In our culture, we believe that people die three deaths. The first is when we physically die, when our bodies just stop working, our hearts stop, whatever. The second is when we’re lowered into the ground and buried, so we’re out of sight, or cremated, I guess. And the third one is when there’s no one left to remember us. There’s three deaths or three phases of death.
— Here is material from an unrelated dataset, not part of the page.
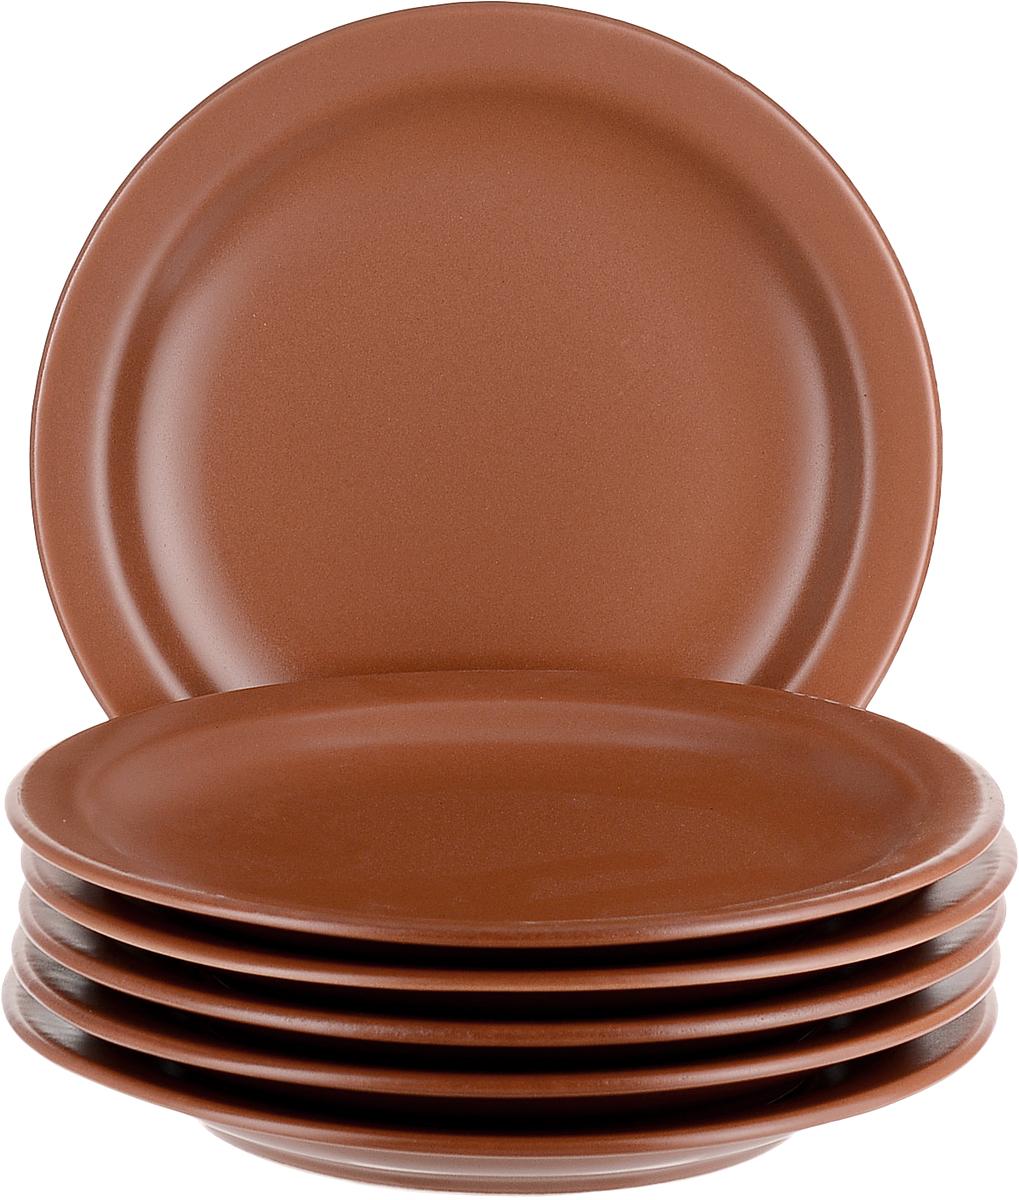 Добавьте вашему столу бразильского очарования с набором тарелок Biona. Классический терракотовый цвет украсит любой стол.  Набор включает в себя шесть обеденных тарелок.  Можно использовать в микроволновой печи и мыть в посудомоечной машине.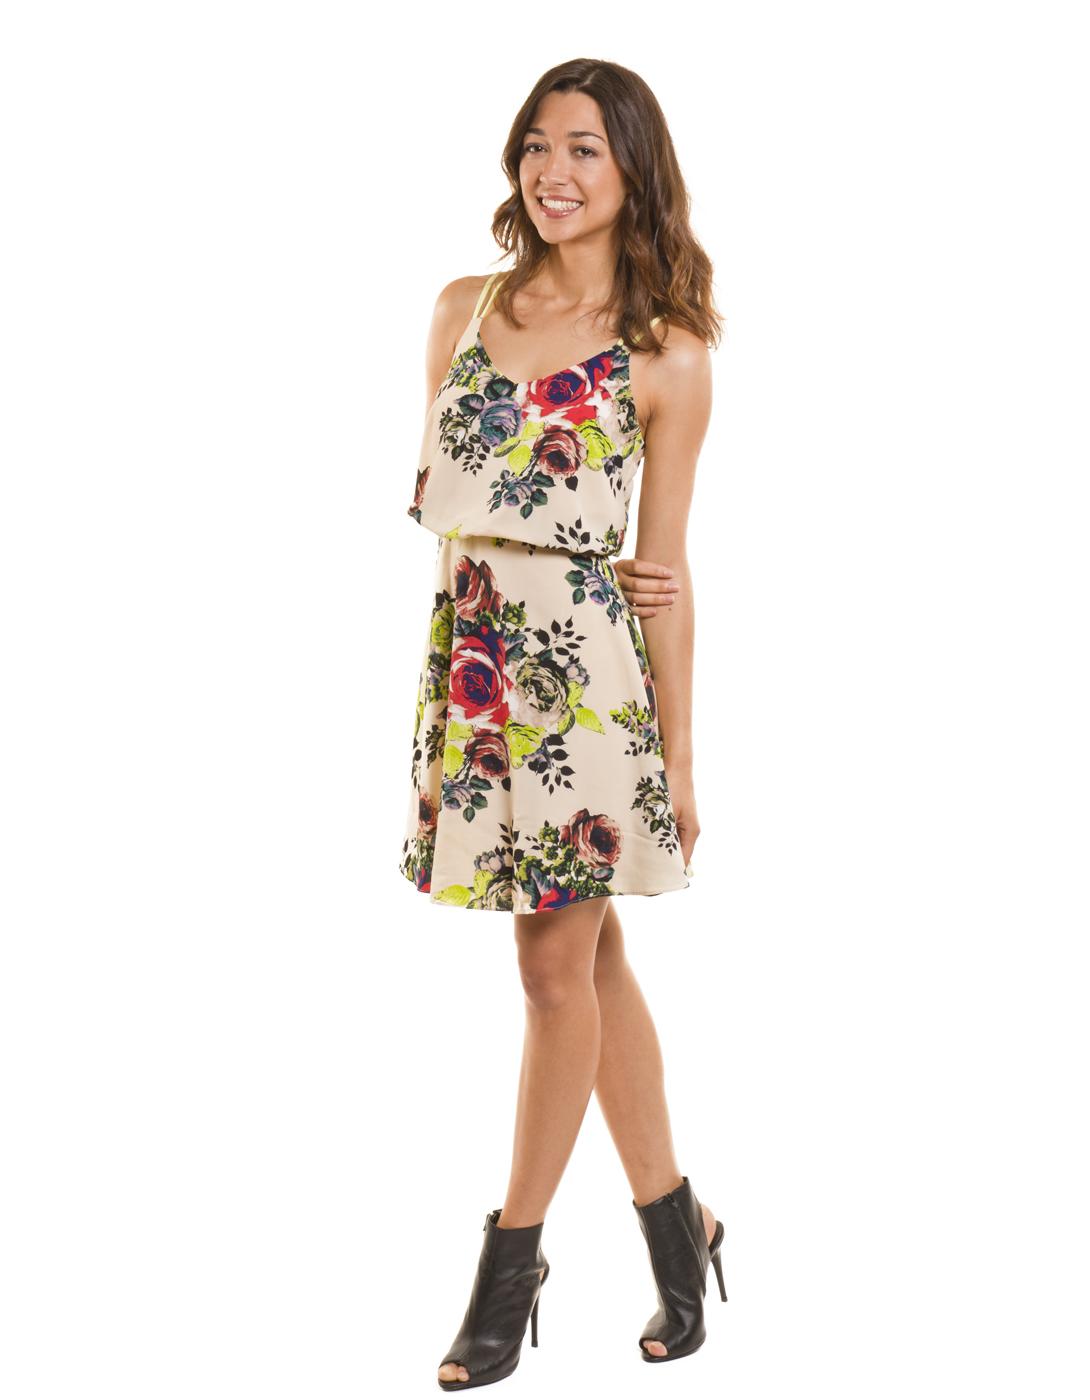 Vestido estampado floral flourish de Vila Clothes

Usually, my parents put up an alter and we put up pictures of people who have passed in our family with a bunch of flowers, candles, because the candle represents their spirit, essentially. Sometimes we’ll go to, they have a cemetery, called Hollywood Forever Cemetery, and they put a bunch of marigolds up. They do a bunch of alters, ofrendas all over, and you can just visit and pay your respects, and just really reflecting on the lives of the people who have come before.”

Context:

AG is a 20-year-old Mexican-American college student from Los Angeles. She celebrates this holiday, which falls on the first two days of November, with her family every year. On this holiday, the living reunite with the spirits of their deceased ancestors. AG said that in comparison to melancholic death rituals like funerals, Dìa de los Muertos is a happy event which celebrates the people who passed away rather than mourning their deaths. She explained that according to Mexican belief, the first two deaths, physical death and burial, are inevitable. However, the third death, which she describes as “dying in the land of the dead” where individuals “fade into oblivion,” can be avoided by remembering individuals who passed away. Dìa de los Muertos functions to prevent this final death, as AG explained, “you preserve their memory through storytelling, through folklore, thereby keeping them alive through their spirits.” 

Analysis:

I find the Mexican folk belief in a realm between life and obsolescence very compelling. Many ideologies delineate life and death as two incompatible states of being which never intersect, so that once a person has passed away, the living have no way of accessing them. This boundary blurring view of life and death places power into the hands of the living, so that there are specific things that they can do and practices that they can carry out in order to come into contact with their lost loved ones again. This power of being able to reconnect with the dead comes with responsibilities, however, where one must continually honor and memorialize their loved one’s lives if they want to maintain this connection. The insistence upon keeping a person’s memory alive after their passing, which prevents the deceased from entering the third stage of death and disappearing, conveys how deeply one’s ancestry and elders are valued and respected in Mexican culture.

Dìa de los Muertos exemplifies the ritualization of liminality, where specific traditions and extraordinary practices are carried out at the time that the realm of the dead and the realm of the living overlap. That the holiday is comprised more of celebration than of mourning shows the comfort found in the belief that physical death doesn’t mean spiritual death.